Unfortunately this ability is about to land Ichigo in a lot of hot water and completely change his life irrevocably. It is at this point that the anime diverges somewhat from the manga. Something in the spirit world is after Ichigo, a hollow of considerable power and malevolence who has various other hollows under its command with which it can carry out its nefarious schemes. No doubt you’re wondering to yourself what the heck is a hollow? Isn’t it a basin or depression in an area of land? Well yes it is but in the case of this anime a hollow is a malevolent spirit whose heart has been consumed either by other hollows or negative emotions, as indicated by the round hole in their chests, and resulted in their transformation to a hollow. All hollows were at some point humans who were unable to pass on for a variety of reasons and ended up being transformed.

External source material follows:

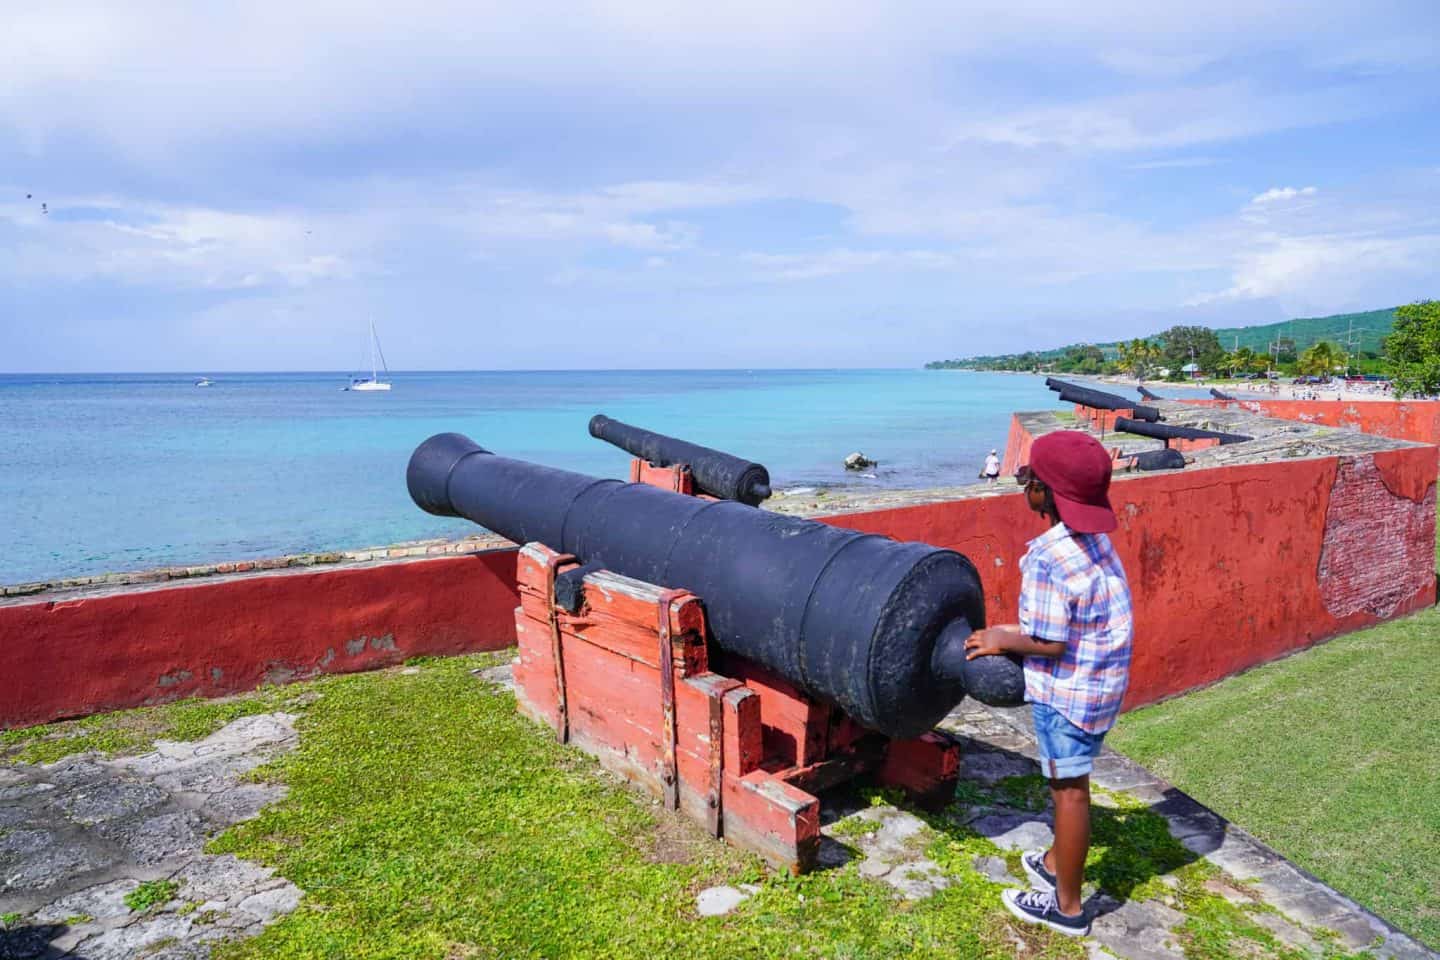 Black Family Travel Things To Do In St Croix Black Family Travel Black Travelers Black Kids Travel Black Family Traveling The World Black Worldschoolers African American Family 172
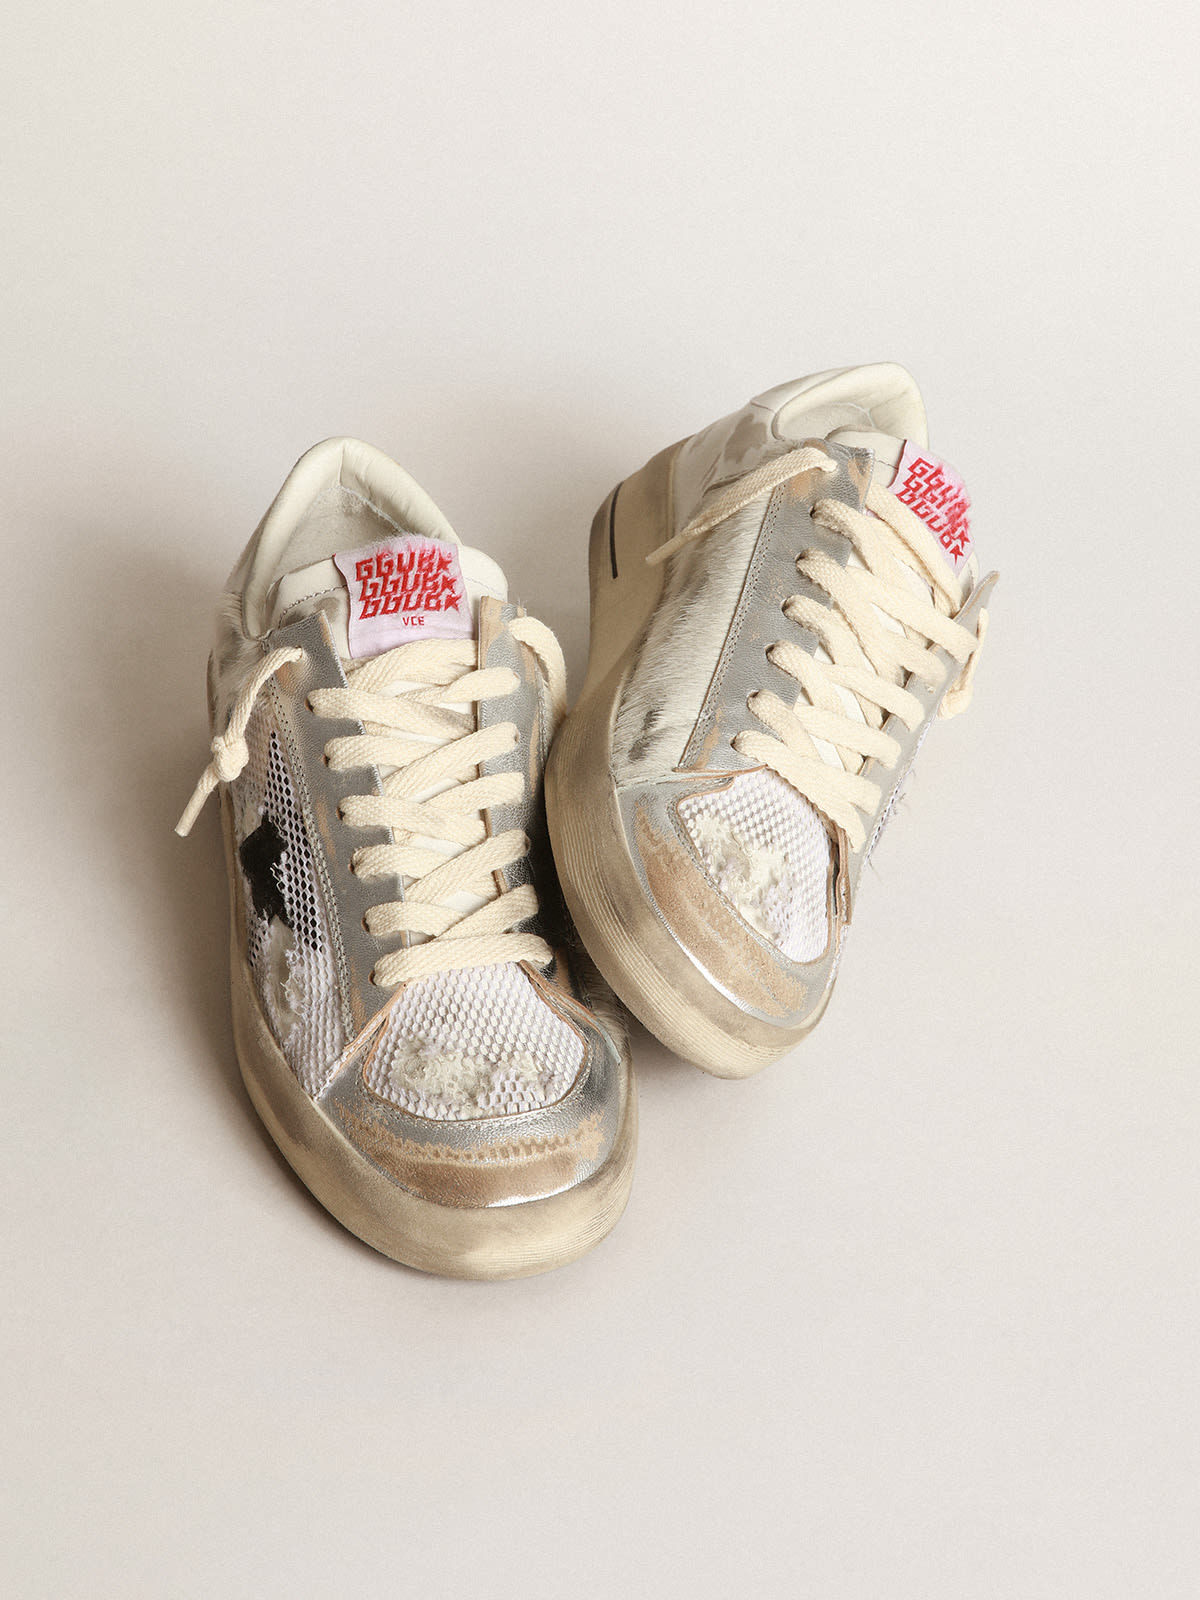 Golden Goose - Stardan LAB sneakers in white pony skin and leather with black suede star in

It seems that in the twilight world between the living world and the next their exists a hollow who is very keen to feast upon the soul of Ichigo Kurosaki, due to its great as yet untapped spiritual strength. So in order to fulfil its ambitions it sends out two hollows under its command to wreak havoc in the world of the living, what it didn’t count upon was the fact that the Soul Reapers, entities whose duty it is to fight hollows, have rumbled onto this particular little incursion into the world of the living. Enter Rukia Kuchiki, a veteran soul reaper, who is hot on the trail of these hollows.
Her meeting with Ichigo throws everything into chaos and provides the catalyst for the events that are to unfold. It’s certainly a different part from Michelle Ruff’s role as Yuki in The Melancholy of Haruhi Suzumiya, that character is rather withdrawn and introverted in most aspects whereas Rukia is a bit more lively and completely out of sorts with the living world. She might be able to cut a hollow down in a single blow but her command of the vernacular is a few centuries out of date and she’s not exactly aware of her fellow classmates or how to use a straw. This certainly makes for some humorous moments in the show. Bleach is a series well worth catching, I am not sure if it is on pay TV here in Australia but you can certainly get a hold of it on DVD.